**What is expected:**
Among the entries below, copy only the span from the line containing "Is Google’s Gemini" through the line containing "Real Care Hand". Do so exactly, and skip the pictures.

**Extracted records:**

------

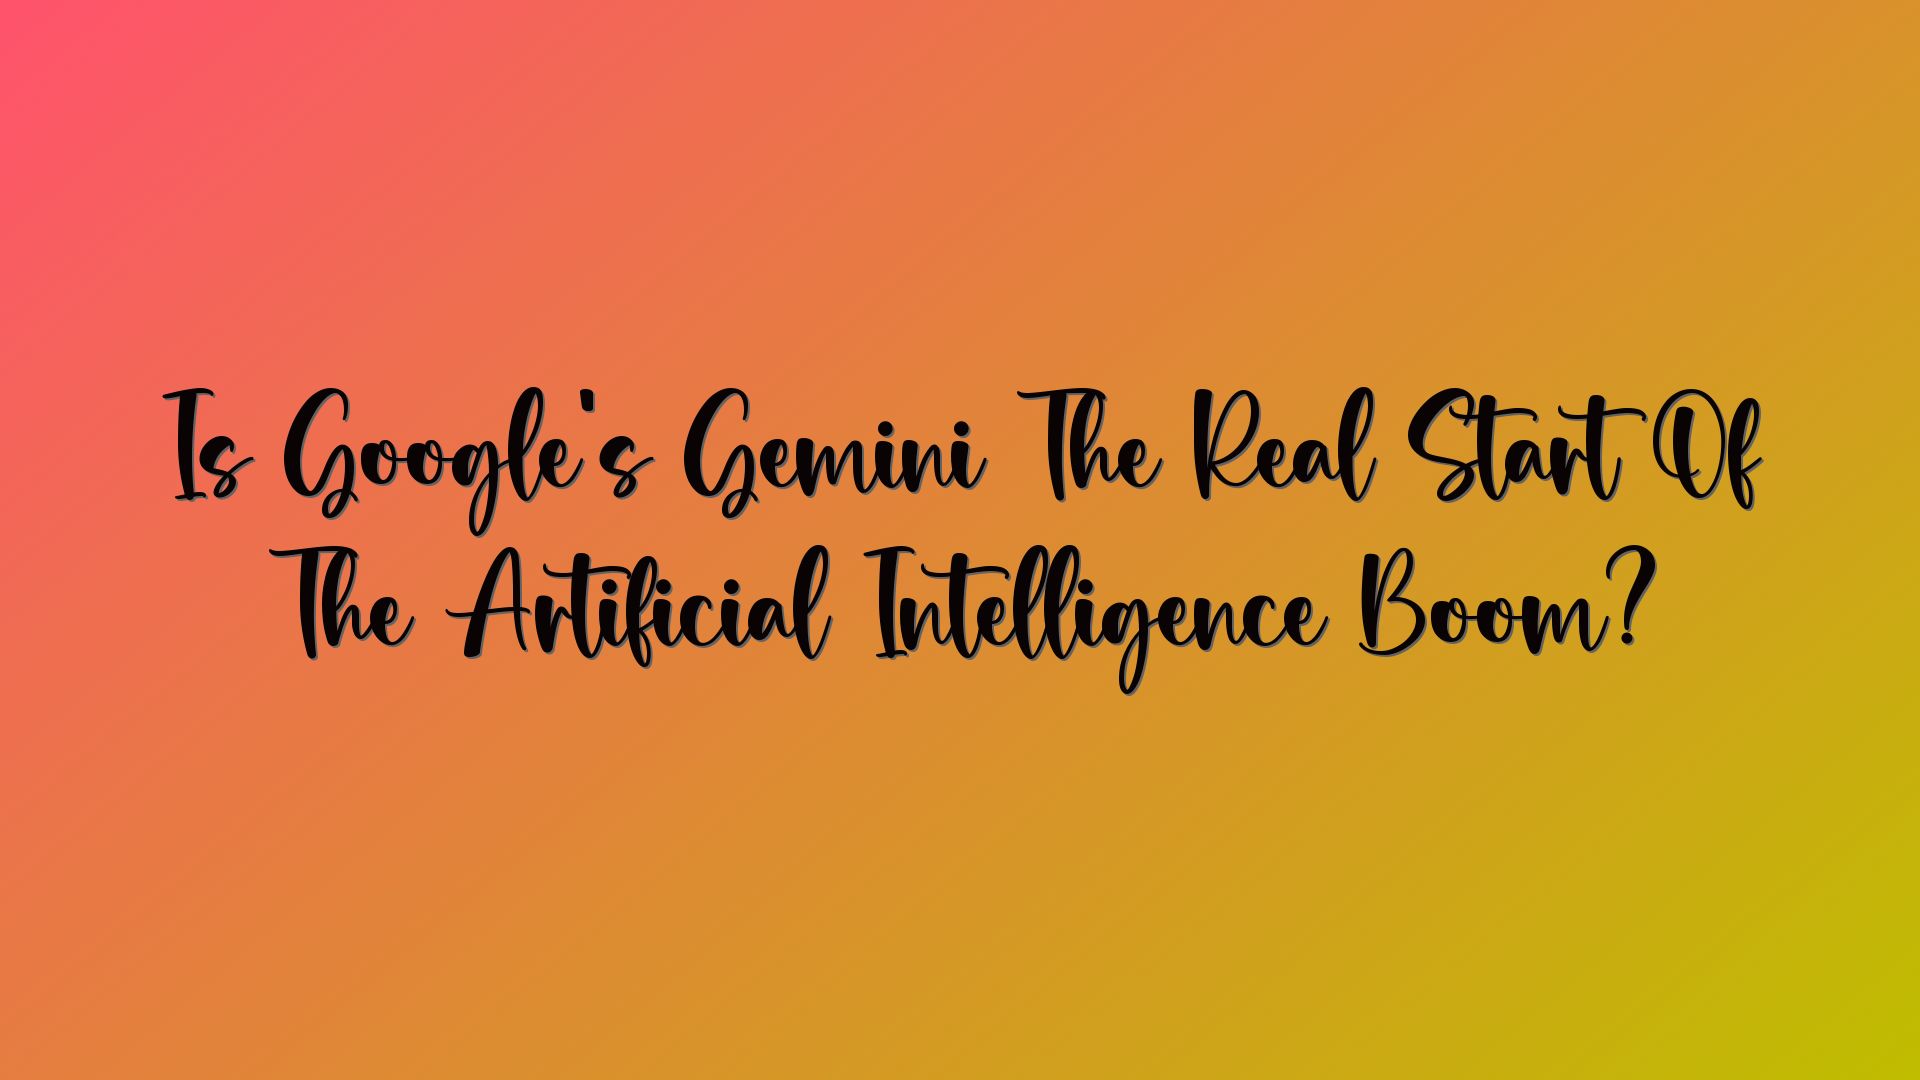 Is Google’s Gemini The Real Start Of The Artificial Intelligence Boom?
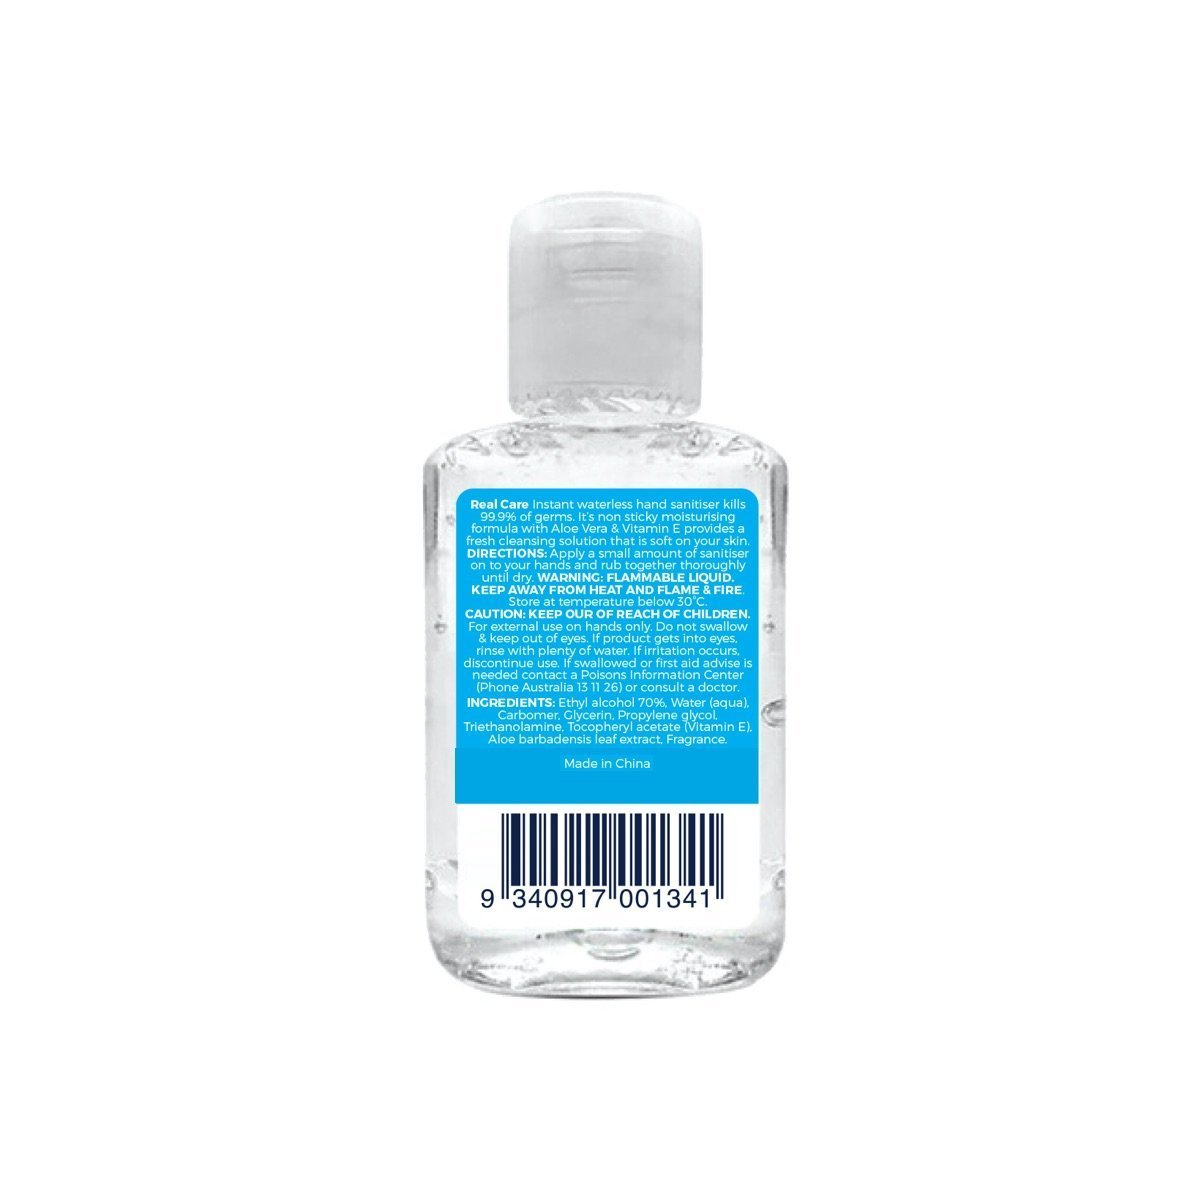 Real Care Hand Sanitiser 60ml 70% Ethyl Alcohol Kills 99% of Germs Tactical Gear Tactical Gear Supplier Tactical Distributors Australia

------

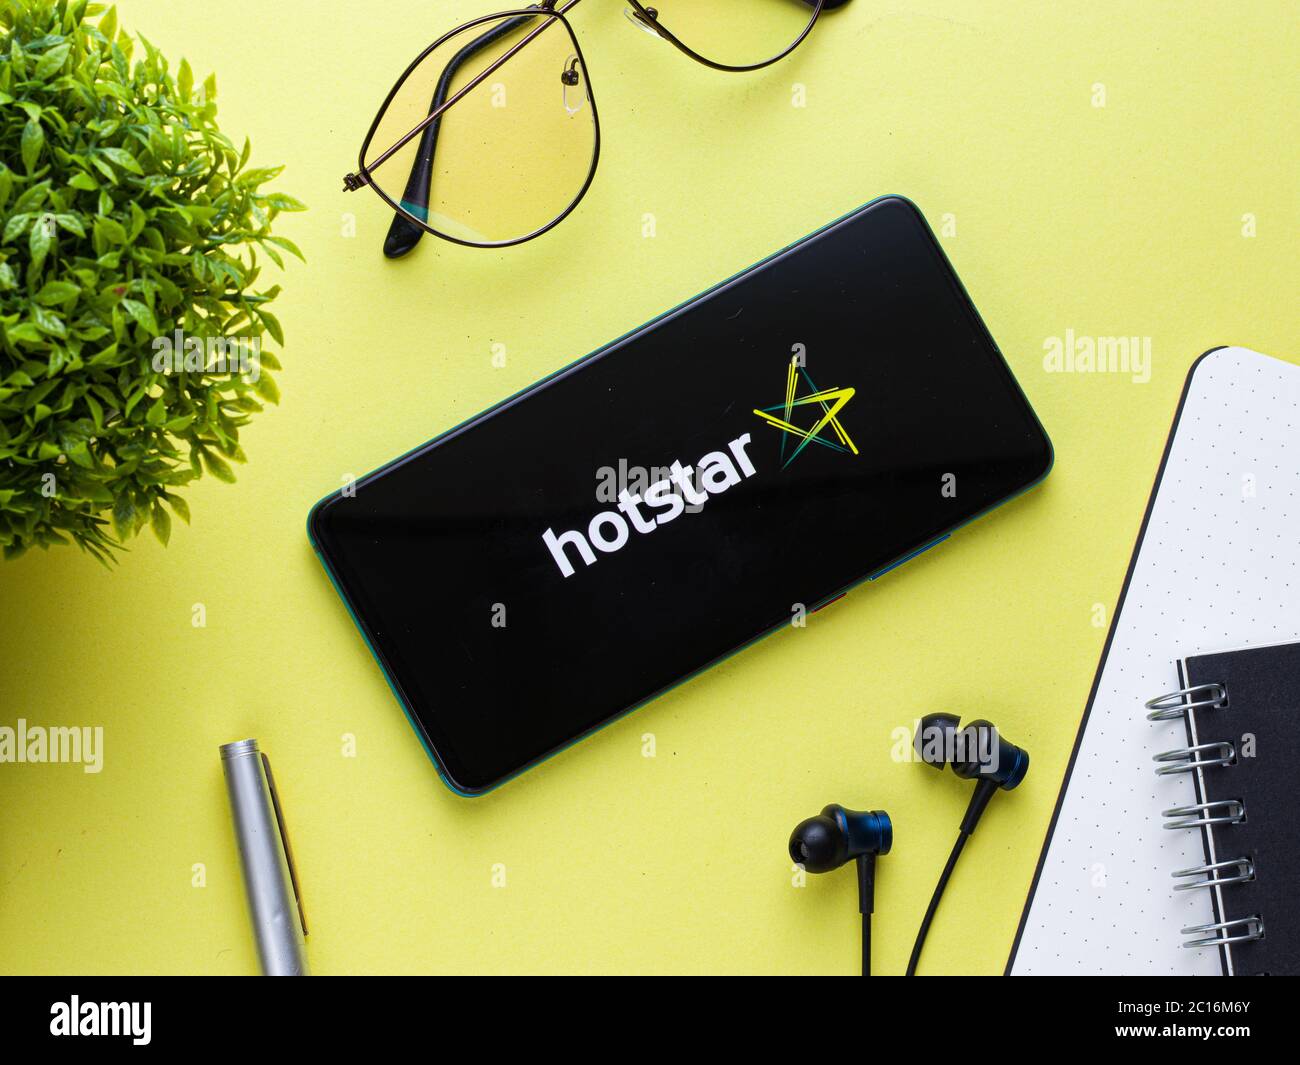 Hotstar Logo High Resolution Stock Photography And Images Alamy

------

**Exercise response:**
 Is Google’s Gemini The Real Start Of The Artificial Intelligence Boom?
 Real Care Hand Sanitiser 60ml 70% Ethyl Alcohol Kills 99% of Germs Tactical Gear Tactical Gear Supplier Tactical Distributors Australia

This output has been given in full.